## Line Chart: Comparative Density Distributions of SWE Models
### Overview
The image contains two overlaid density distribution charts comparing three software engineering workflow (SWE) models: SWE-Gym (blue), SWE-smith (orange), and Scale-SWE (green). The top subplot visualizes token count distributions, while the bottom subplot shows turn distributions (tool calls). Both charts use density curves with shaded areas representing probability distributions.
### Components/Axes
**Top Subplot (Token Count):**
- X-axis: Token Count (0 to 120k, linear scale)
- Y-axis: Density (0 to 3×10⁻⁵, linear scale)
- Legend: Top-right corner with color-coded labels
- Axis markers: Numerical ticks at 20k, 40k, 60k, 80k, 100k, 120k
**Bottom Subplot (Turns):**
- X-axis: Turns (tool call) (0 to 100, linear scale)
- Y-axis: Density (0 to 2×10⁻², linear scale)

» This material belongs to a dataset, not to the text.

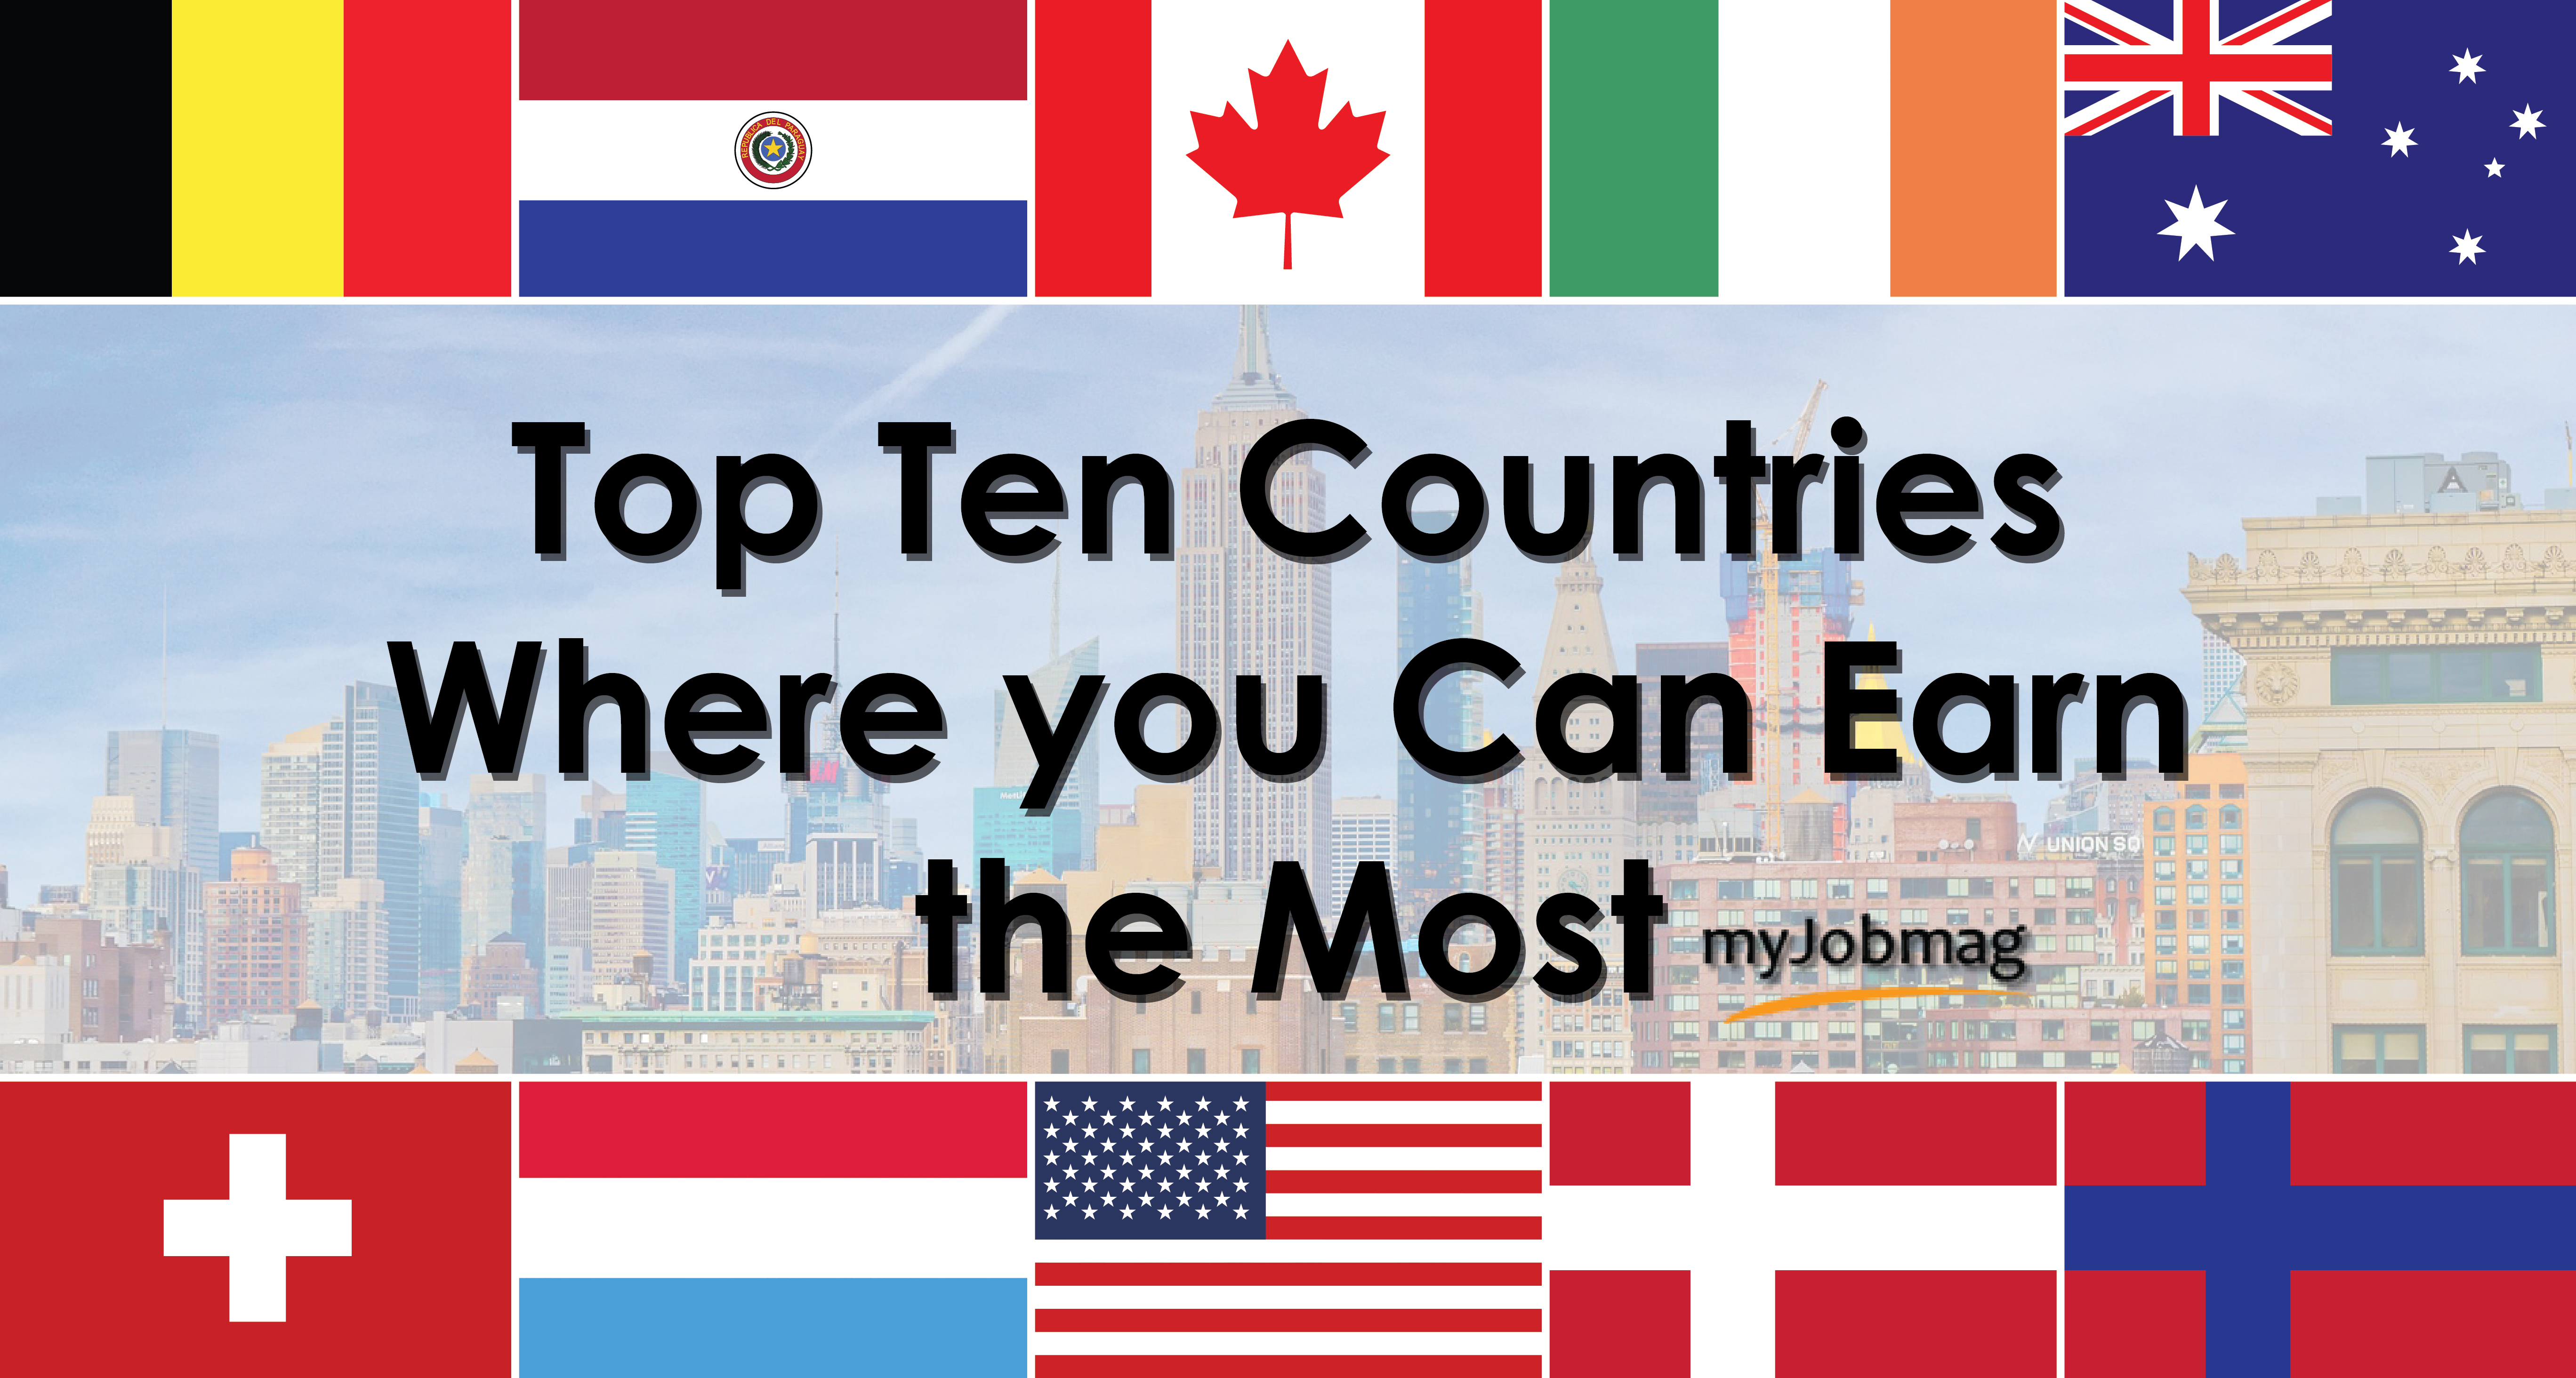 Top 10 Countries Where You Can Earn the Most

- Legend: Same as top subplot
- Axis markers: Numerical ticks at 20, 40, 60, 80, 100
### Detailed Analysis
**Token Count Distribution:**
1. **SWE-Gym (blue):**
- Peak density at ~20k tokens (3.2×10⁻⁵)
- Sharp decline after peak, near-zero beyond 40k
- Narrowest distribution (σ ≈ 5k tokens)
2. **SWE-smith (orange):**
- Peak density at ~30k tokens (2.8×10⁻⁵)
- Broader distribution than SWE-Gym (σ ≈ 8k tokens)
- Longer tail extending to 60k tokens
3. **Scale-SWE (green):**
- Bimodal distribution with peaks at ~25k and ~50k tokens
- Highest overall density (3.5×10⁻⁵ at 50k)
- Widest distribution (σ ≈ 15k tokens)
**Turn Distribution:**
1. **SWE-Gym (blue):**
- Peak density at 20 turns (1.8×10⁻²)
- Rapid decline after peak, near-zero beyond 40 turns
- Narrowest distribution (σ ≈ 5 turns)
2. **SWE-smith (orange):**
- Peak density at 30 turns (1.6×10⁻²)
- Broader distribution than SWE-Gym (σ ≈ 7 turns)
- Longer tail extending to 60 turns
3. **Scale-SWE (green):**
- Bimodal distribution with peaks at ~25 and ~50 turns
- Highest overall density (2.0×10⁻² at 50 turns)
- Widest distribution (σ ≈ 12 turns)
### Key Observations
1. **Consistency vs. Complexity Tradeoff:**
- SWE-Gym shows the most consistent performance (narrowest distributions)
- Scale-SWE demonstrates highest complexity handling (widest distributions)
- SWE-smith represents intermediate behavior
2. **Bimodal Patterns:**
- Scale-SWE's bimodal distributions suggest two distinct operational modes
- Secondary peaks at ~50k tokens/turns indicate specialized task handling
3. **Scale Relationships:**
- Token count distributions are 100-1000x wider than turn distributions
- Density scales differ by 1000x between subplots (1e-5 vs 1e-2)
### Interpretation
The data reveals fundamental differences in model behavior:
- **SWE-Gym** prioritizes efficiency with minimal token/turn usage but limited complexity handling
- **Scale-SWE** sacrifices efficiency for broader capability, showing variable performance across task complexities
- **SWE-smith** balances these factors, offering moderate efficiency with improved complexity handling
The bimodal patterns in Scale-SWE suggest adaptive behavior, potentially switching between different processing strategies. The consistent peak positions across models (20-30k tokens/turns) indicate common operational thresholds in SWE workflows. The density scale differences emphasize that token distributions are inherently more variable than turn counts in these models.